I'm sorry but I have to comment about Barracuda.....

They are a TOTAL SCAM of a business. They do a great job of blocking spam, don't get me wrong, but that's only half of the story. So Barracuda Networks has a program where they sell you their hardware, it's a little 1u racked unit and you manage the administration of it through a little web interface. We purchased their 300 model for $2,000. You can only purchase the units from them and they have a "paper weight" policy where once it's activated it cannot be activated by anyone else. You'll see why they do that in a minute. Here is the start of the scam....

Barracuda doesn't tell you what the actual specs are to the device you're buying, they advertise "features" such as: Supports up to 300 users, 50 domains, phone tech support, etc. What they don't tell you is that the $2,000 unit is actually a big piece of crap worth about $75, no joke. It has about a 10 year old ATX motherboard that is worth about ten bucks, a single 40gb IDE hard drive despite the motherboard actually having a SATA port, one stick of 512mb of ram while leaving the second memory slot free, and a very low wattage power supply. Oh and their is no raid whatsoever, so when your one hard drive dies, you are out of luck. It is a total joke to sell a piece of crap like that for $2,000.

Their next model up (model 400) doubles the size of everything the 300 model has but they do it in a way that sounds like you're getting a lot. The 400 model sells for about $3900 and only difference is it comes with an 80gb IDE hard drive. I kid you not people. And then to make the scam complete, they send you firmware updates about twice a month and each update they send you makes the unit go slower and slower and slower until it finally won't even respond. Think I'm kidding? We couldn't even log into our unit anymore without pulling the power cord and plugging it back in, and even then we only had about 5 minutes to do what we needed to until it locked up again. It would still deliver email, but we couldn't get into the web GUI to administer it after about 5 minutes.

These jokers at Barracuda even then have the nerve to offer an Instant Replacement program (IR) for $400 a year to make sure you always get a replacement if and when it goes out. We finally had enough and so we asked them if we could switch to a virtual unit or run the software ourselves. They didn't allow that for obvious reasons (it would mess with their master scam). Well now most competitors of theirs offer virtual devices, and are probably what most customers prefer because they can use their own hardware and be up and running right away. So finally Barracuda decided to offer a virtual appliance for it's customers. I'm sure their greedy / cheating executives had several meetings about how they were going to do this because it interfered with their master scam. This is what they came up with: Barracuda offers a virtual appliance but you have to pay $1500 a year for the subscription instead of the regular $699 that you pay when you have a hardware unit. Yes I'm dead serious. They try to claim that it's a different "solution" but that is total crap, it's the same exact thing. It is a TOTAL SCAM.
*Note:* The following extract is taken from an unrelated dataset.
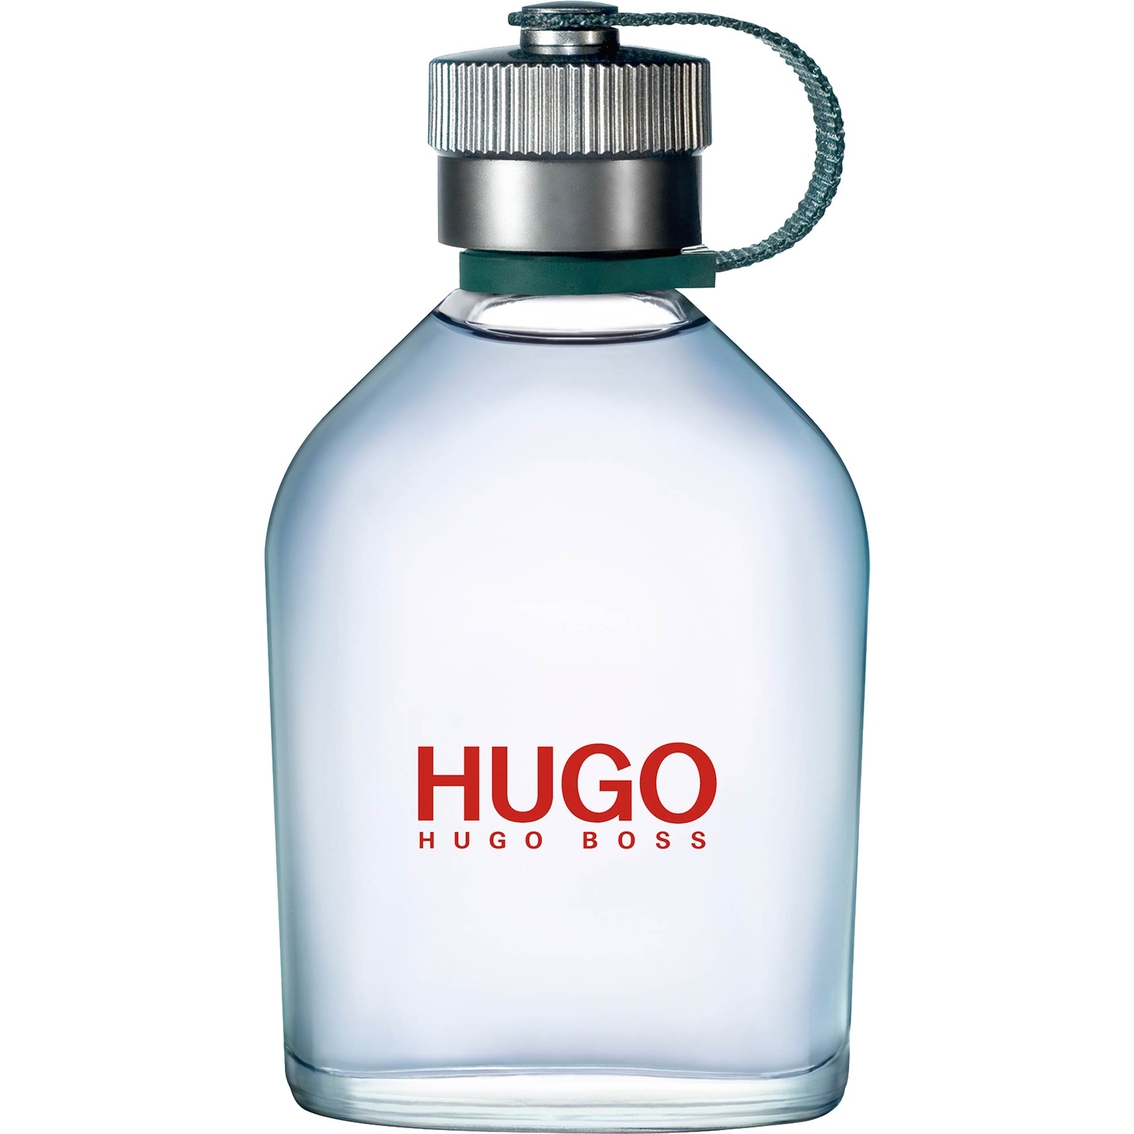 Hugo Boss Hugo Eau De Toilette Spray | Fragrances | Beauty & Health ...
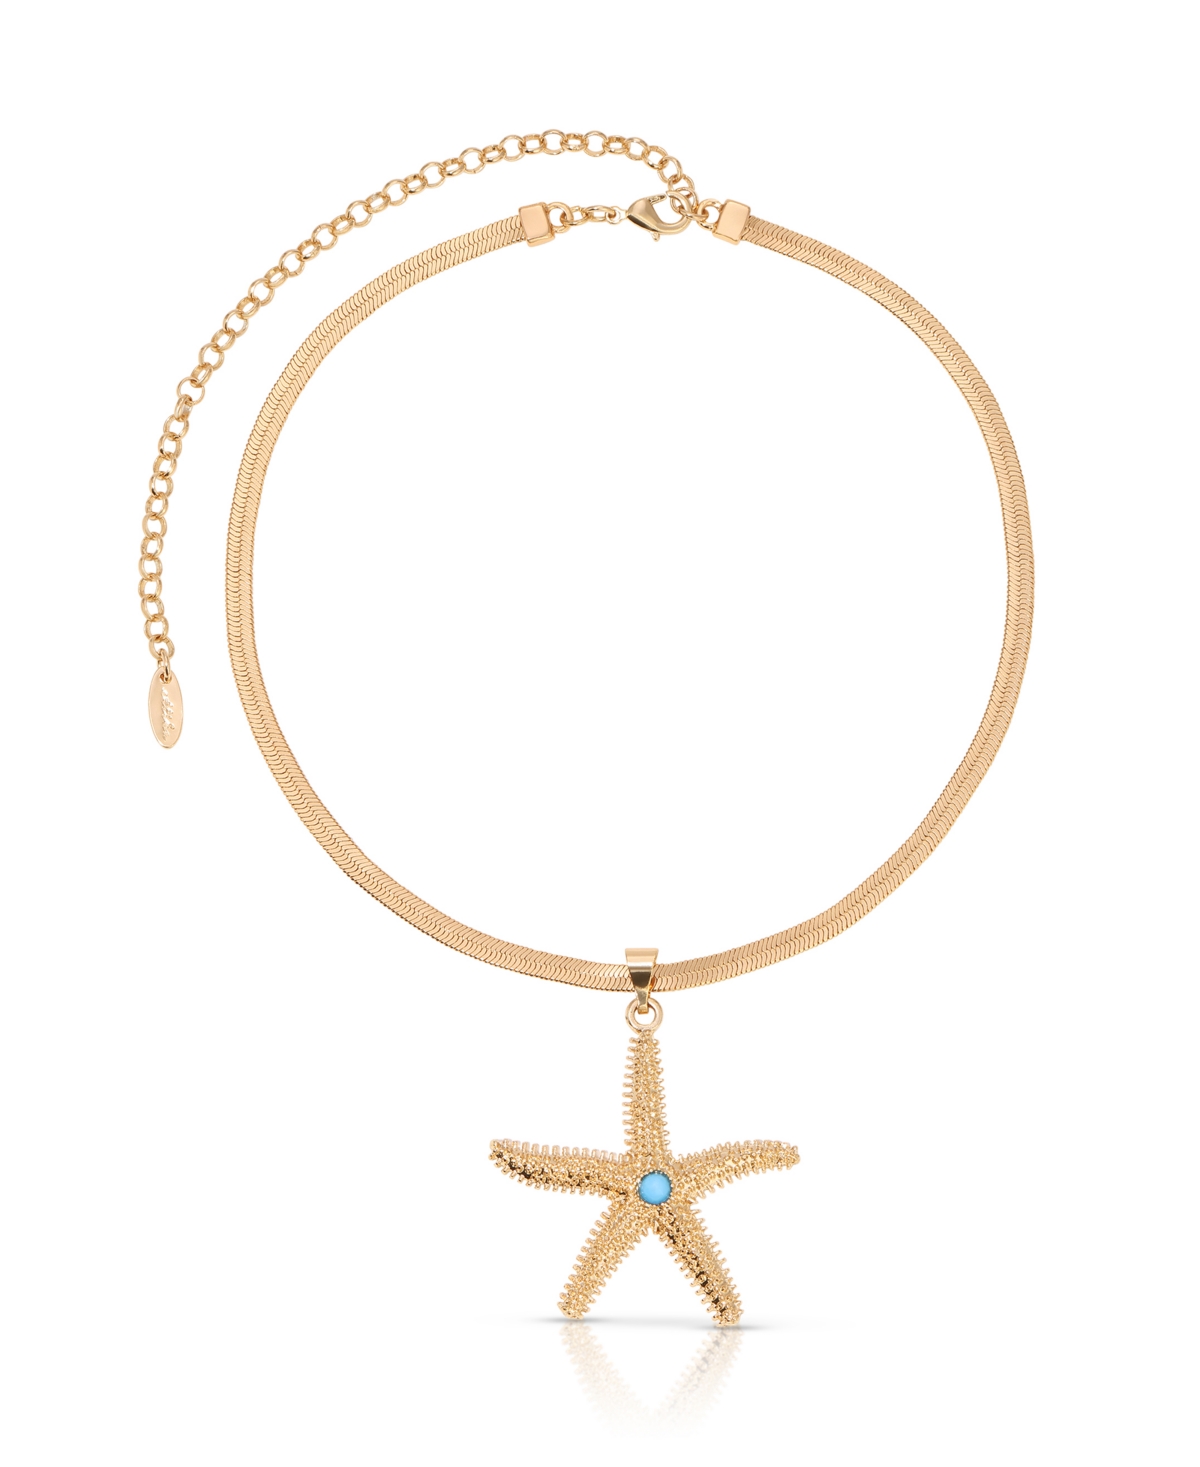 Turquoise Starfish Pendant Herringbone Chain Necklace - Turquoise

Barracuda has really sunk to the lowest of low and they do it right in broad daylight. This is a disgrace to IT administrators everywhere because they think they can pull this over on you and we'll just take it. If you try to call them and confront them about it, you can tell right away that they have heard it many times before and just don't give a crap. Barracuda Networks are a two-bit scam artist company who has a great product but feels that isn't enough to rely on that they have to go the extra mile to squeeze every last dollar out of a customer by shady, deceptive and down right evil tactics. I've filed a notice to the US attorney general's office and the state attorney general's office of Texas and I hope you do the same.